Posted: **Fri Aug 11, 2017 3:15 am**

One thing to add in the origins on MS/PC-DOS executable formats is that .EXE was very much a "last minute addition". Even pre-release versions of DOS from very close to the final release have no support for .EXE files. .COM clearly wasn't just for 8080/Z80 ports or "familiarity", it was the only executable format until just weeks before release.

Schol-R-LEA wrote:in fact, IBM's primary goal in releasing it was to kill the home computer market for good

I'm not sure there's much evidence of that. IBM was never really interested in the home market (1985's PCjr was about the only home-oriented IBM product and was so much of a failure that the improved graphics capabilities it introduced became known as "Tandy-compatible" after the far more successful range of clones from Tandy). They were far more interested in the business market and were afraid that "cheap" (by the standards of the time) 8-bit CP/M-based business micros would eat into their minicomputer and even mainframe business.

Also note we're talking about "true" .COM files here. Many later .COM files are more than 64KB in size and are basically an arbitrary executable format joined to a .COM-compatible loader. You've even less chance of distinguishing code from data in one of these files, since you'd need to know details about the "real" executable format which are unlikely to be easy to find out.

Posted: **Fri Aug 11, 2017 7:50 am**

mallard wrote:One thing to add in the origins on MS/PC-DOS executable formats is that .EXE was very much a "last minute addition". Even pre-release versions of DOS from very close to the final release have no support for .EXE files. .COM clearly wasn't just for 8080/Z80 ports or "familiarity", it was the only executable format until just weeks before release.

I was unaware of this. That's an interesting fact, as it really indicates that the assumption was that most programs would be under 64KiB, as larger programs would have to perform explicit loading and manipulation of any additional segments (via, e.g., separate binary files, or one of the .COM-compatible extended formats you mention later). It is also a bit surprising that the use of a linkable and relocatable format was such a low priority at such a late date, when such were in regular use for mainframes by 1966 and minis by about ten years later.

mallard wrote:
Schol-R-LEA wrote:in fact, IBM's primary goal in releasing it was to kill the home computer market for good
I'm not sure there's much evidence of that. IBM was never really interested in the home market (1985's PCjr was about the only home-oriented IBM product and was so much of a failure that the improved graphics capabilities it introduced became known as "Tandy-compatible" after the far more successful range of clones from Tandy). They were far more interested in the business market and were afraid that "cheap" (by the standards of the time) 8-bit CP/M-based business micros would eat into their minicomputer and even mainframe business.

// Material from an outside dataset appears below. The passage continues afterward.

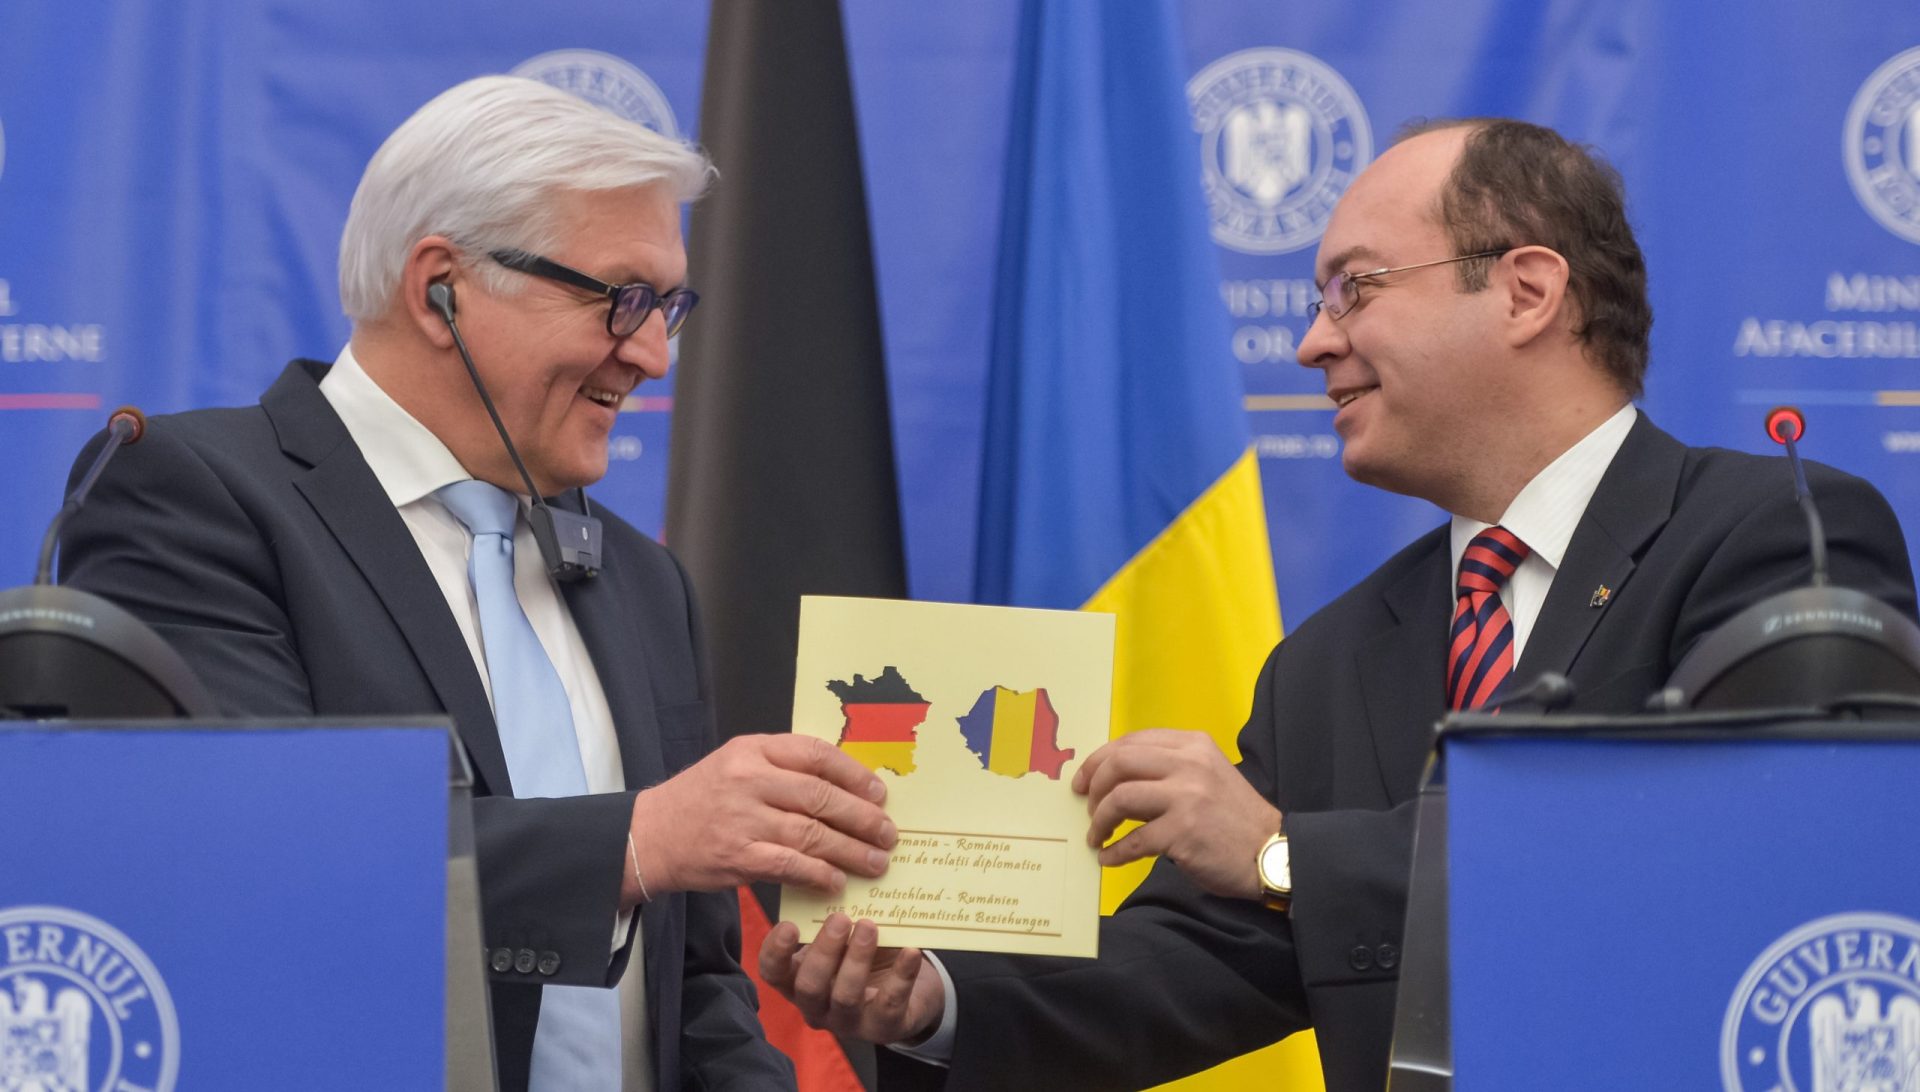 Roménia confunde Alemanha com França em plena conferência de imprensa

It is a bit... controversial, and I doubt it was ever an articulated strategy even internally, but several IBMers from the time have gone on record either opining that this is what they thought the company was doing, or what they thought it should have been doing. My understanding is that there was a lot of opposition to the Boca Raton group's proposal from the start, out of fear that it would 'legitimize' microcomputers; while they Boca Raton group themselves clearly thought it was something the company needed to be doing, there has been some claims that Armonk only greenlit the development project to shut the 'troublemakers' up.

According to some claims (I'd need to look them up), one of the arguments in favor of releasing it as a product was that they could use it as a way of shifting the 'home market' towards remote use of timesharing (which was itself still seen by some IBMers - including at least two former employees whom I personally spoke to in the early 1990s - as an undesirable intrusion into a 'properly controlled' batch-processed computing environment).

This particular view of the PC would later be embodied in the 3270 PC, which was basically a PC configured to act as a smart terminal, with the PC's CPU used only for local editing and display functions, as well as the PC/mainframe hybrids such as the XT/370, AT/370, and 7437 VM/SP, and the Personal/370, all of which were meant to work in conjunction with a System/370 or System/3090 series mainframe (or later, a System/390, it seems they'd given up by the time the zSeries were developed), and run some 370 programs in emulation.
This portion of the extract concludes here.